The four numbers, in order¶

n (items)              : 4
coverage (M)           : 1.0000
coverage (per analyst) : 1.0000
κ_C(η, consensus)      : +1.0000
κ_F(η)                 : +1.0000
κ_F*(β) (inter-analyst, all): undefined

`coverage` — the participation gate¶

cov(η) = fraction of items where the model produced a substantive verdict (good or bad, not abstain).

This is your first sanity check. If it's low, nothing else in the report is fully informative — the kappa metrics are restricted to substantive items, so a 0.3 coverage means you're scoring M on 30% of the benchmark.

What low coverage usually means:

Coverage	Likely cause	What to do
`0.95–1.00`	Normal	Move on to kappa.
`0.70–0.95`	Some items are genuinely hard, or you have a small `--max-tokens` and a verbose model	Inspect the `parse_status` field in `η`: `unparseable` means the model talked but didn't say a verdict word. `budget_clipped` means the provider truncated by `max_tokens` — raise it. `sample_failed` means a provider error after retries.
`0.30–0.70`	Likely a verification prompt the model finds genuinely ambiguous, or a content-attribution disagreement (see Haiku-style perceptual default)	Inspect the prompts that produced abstains; try the paraphrase axis (`experiments/paraphrase_axis_triangulation.py`).
`0.00–0.30`	Often token-budget or model-misconfigured	Check `parse_status` distribution.
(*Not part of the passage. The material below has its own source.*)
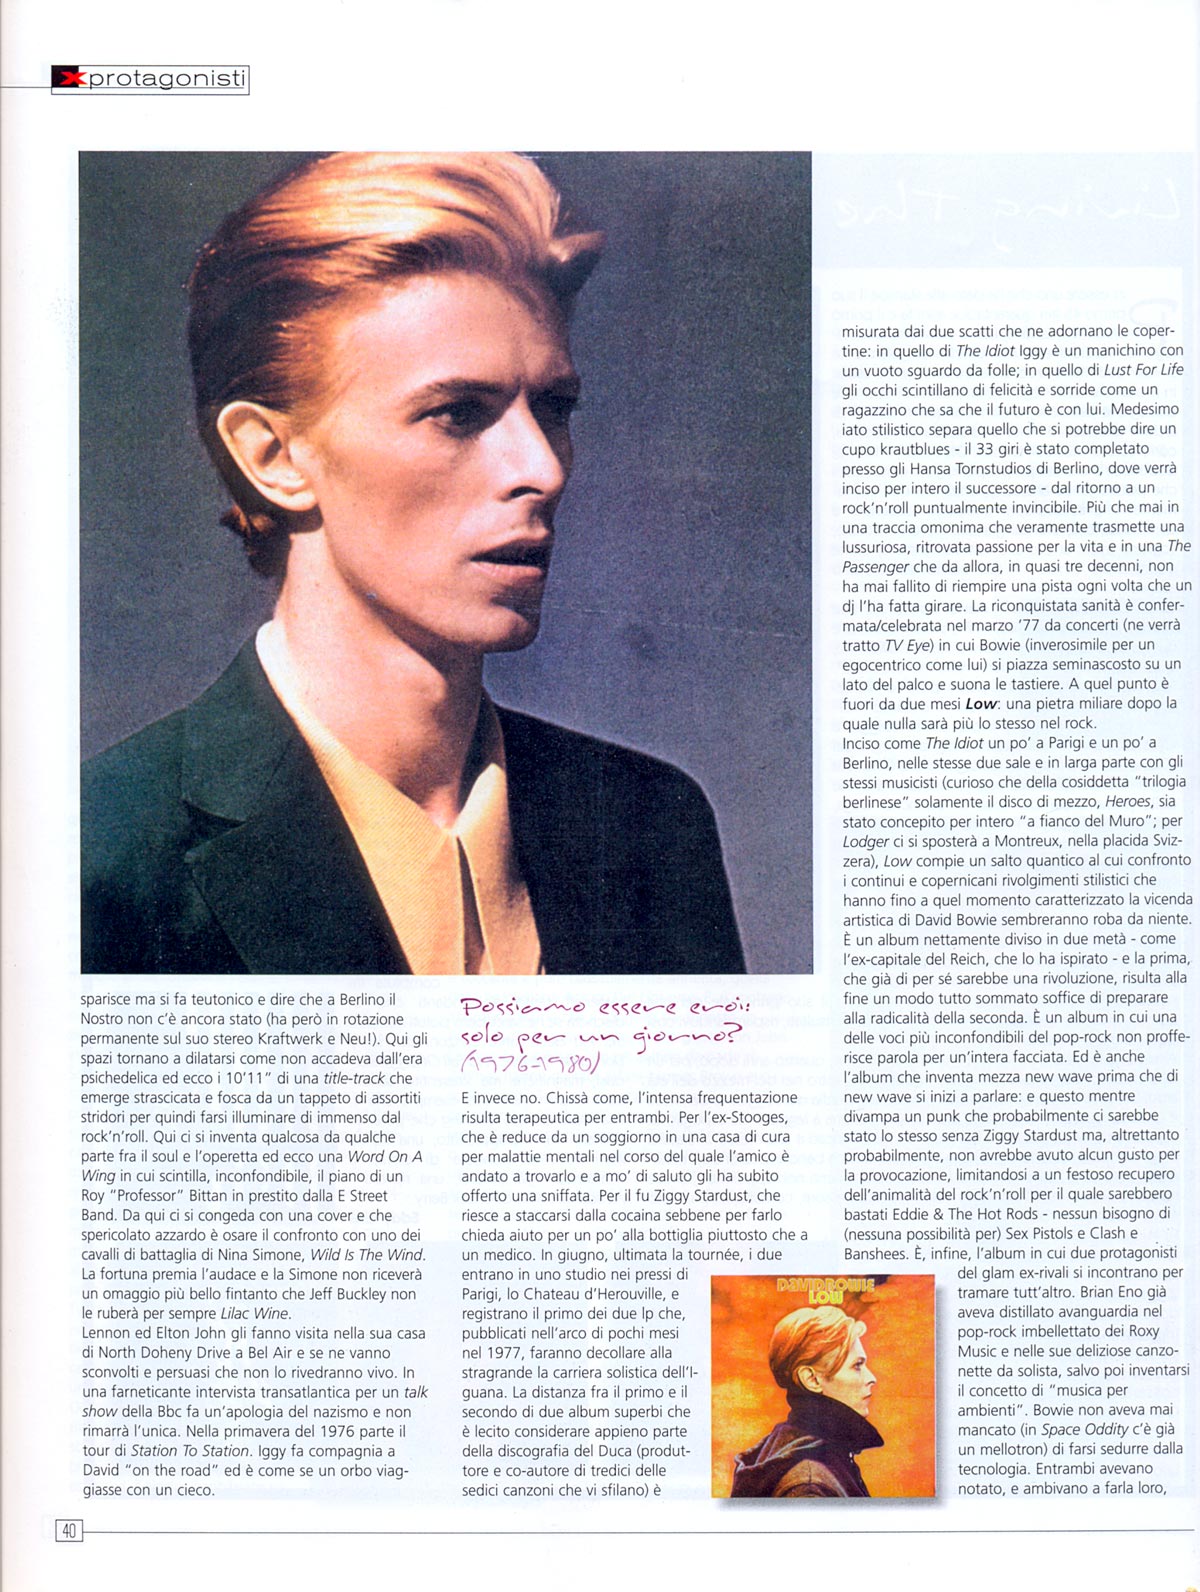 Bowie Stampa Mucchio Extra 2006

If lots of `budget_clipped`, bump `--max-tokens` to 2048+. See `providers.md` for the reasoning-tokens issue.

Per-analyst coverage (cov_j(η)) is the analog for each human analyst — useful when authoring a benchmark to spot analysts who abstain a lot (their column has less inferential signal).

`κ_C(η, consensus)` — agreement with the analysts¶

Cohen's kappa against the analyst consensus c_i (strict-majority vote across analysts; abstain on tie or when most abstain). Restricted to items where both M and the consensus are substantive.
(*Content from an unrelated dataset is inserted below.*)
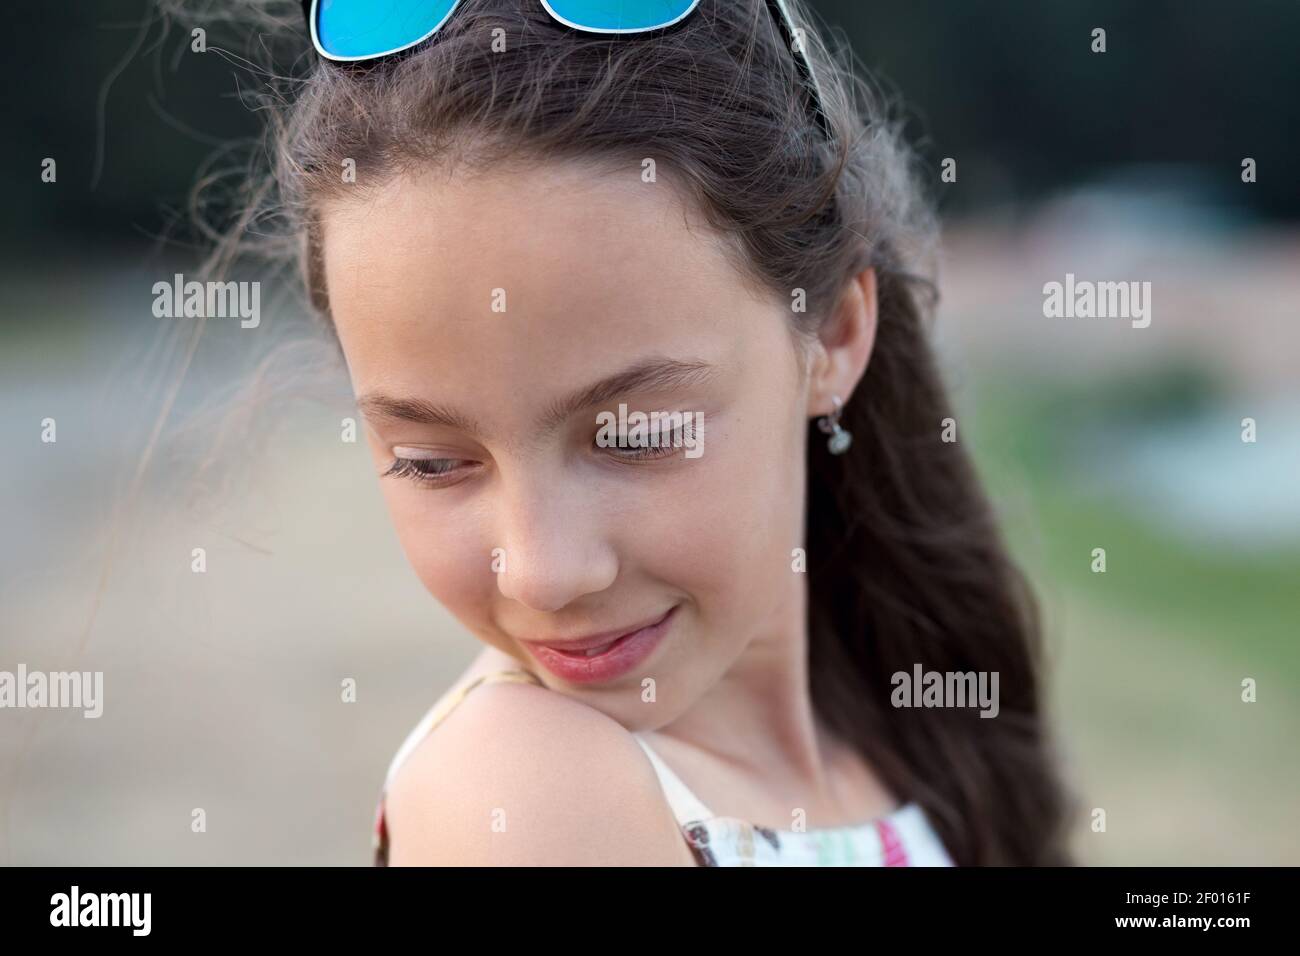 Portrait of beautiful serious teenager girl, looking down. Stock Photo

Reading scale, with caveats:

Value	Loose label	What it means
`+1.00`	perfect	`M` and the consensus agree on every substantive item.
`+0.80 to +0.99`	strong	`M` reliably tracks consensus; disagreements are isolated.
`+0.40 to +0.80`	moderate	`M` agrees better than chance but with notable exceptions. Decompose by tag to find the pattern.
`+0.20 to +0.40`	weak	`M`'s verdicts are correlated with consensus but only modestly. Often this is a content-attribution disagreement, not an inferential one. Try the paraphrase axis (`docs/concepts.md`).
`0.00 to +0.20`	none	`M` is at or near chance.
`< 0.00`	anti-correlated	`M` is systematically disagreeing. Often this is a prompt-reading issue (the model is treating "GOOD" as something other than what the verification prompt says).
`undefined`	n/a	Either the substantive subset is empty (raise coverage) or the chance-expected agreement `p_e = 1` (everyone — including `M` — is in a single class on this subset, so kappa has no signal).
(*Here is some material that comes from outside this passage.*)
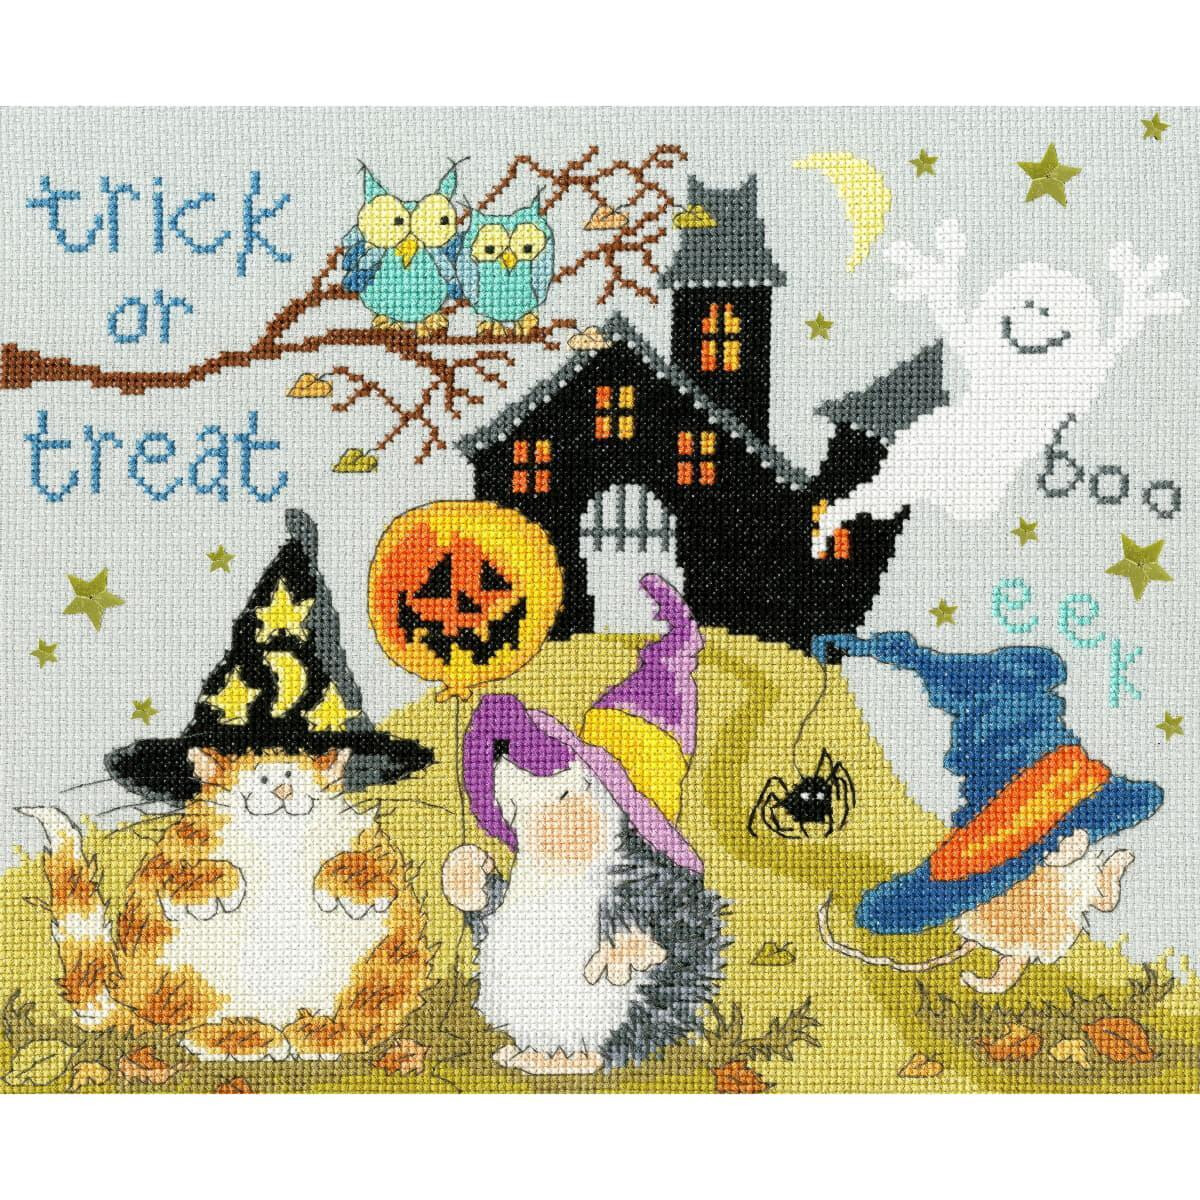 A Halloween-themed embroidery pack design (cross stitch)...

The standard cautions about Landis–Koch labels apply: these are heuristic, not normative. In small-n benchmarks (n < 20), kappa is high-variance and the labels above are at best directional.

Switching the reference: by default the reference is the consensus, but you can compare M against any specific analyst:

infereval metrics eta.json --reference analyst:analyst-a

This is informative when analysts disagree among themselves: comparing M to each analyst separately can show that M is closer to one analyst's column than the other. The paper's discussion of carving-relativity (§5) is exactly this kind of phenomenon — disagreement among competent labelers reflects different ways of carving the domain, and M may align with one carving more than another.

`κ_F(η)` — `M` as the `(m+1)`-th annotator¶

Fleiss' kappa treats M as if it were one more analyst on the panel. Per-item agreement is the pairwise-pair agreement count across all m+1 annotators, averaged across items, chance-corrected against the pooled marginal distribution.

κ_F is different from κ_C in two key ways:

Symmetric. κ_F doesn't single out a reference; every annotator contributes equally. This is appropriate when you don't want to privilege analyst consensus over M.
Pooled marginals. The chance-expected agreement is computed from the pooled distribution of all annotators' verdicts. This means κ_F = κ_C only by coincidence (typically only when the marginals are symmetric, e.g. under perfect agreement on a balanced item set). At m = 1, κ_F with M as the 2^nd annotator is not the same number as κ_C against that analyst, except in special cases.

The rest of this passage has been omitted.